---
title: "otelcol.auth.bearer | Grafana Alloy documentation"
description: "Learn about otelcol.auth.bearer"
---

# `otelcol.auth.bearer`

`otelcol.auth.bearer` exposes a `handler` that other `otelcol` components can use to authenticate requests using bearer token authentication.

This component supports both server and client authentication.

> Note
> 
> `otelcol.auth.bearer` is a wrapper over the upstream OpenTelemetry Collector [`bearertokenauth`](https://github.com/open-telemetry/opentelemetry-collector-contrib/tree/v0.147.0/extension/bearertokenauthextension) extension. Bug reports or feature requests will be redirected to the upstream repository, if necessary.

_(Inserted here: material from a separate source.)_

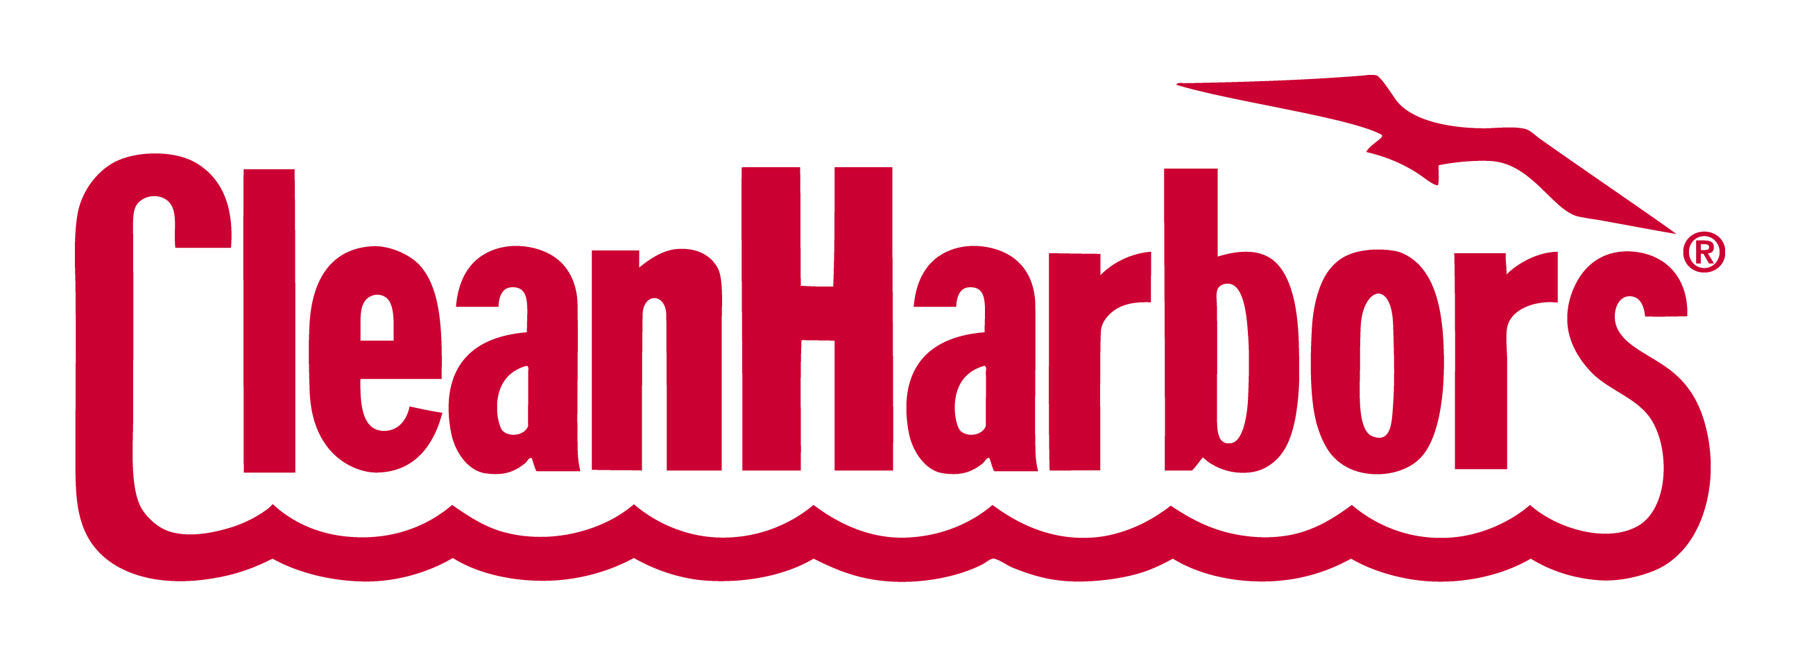 clean harbor logo

You can specify multiple `otelcol.auth.bearer` components by giving them different labels.

## Usage

Alloy ![Copy code to clipboard](/media/images/icons/icon-copy-small-2.svg) Copy

```alloy
otelcol.auth.bearer "<LABEL>" {
  token = "<TOKEN>"
}
```

## Arguments

You can use the following arguments with `otelcol.auth.bearer`:

Expand table

| Name     | Type     | Description                                      | Default           | Required |
|----------|----------|--------------------------------------------------|-------------------|----------|
| `token`  | `secret` | Bearer token to use for authenticating requests. |                   | yes      |
| `header` | `string` | Specifies the auth header name.                  | `"Authorization"` | no       |
| `scheme` | `string` | Authentication scheme name.                      | `"Bearer"`        | no       |

When sending the token, the value of `scheme` is prepended to the `token` value. The string is then sent out as either a header for HTTP or as metadata for gRPC.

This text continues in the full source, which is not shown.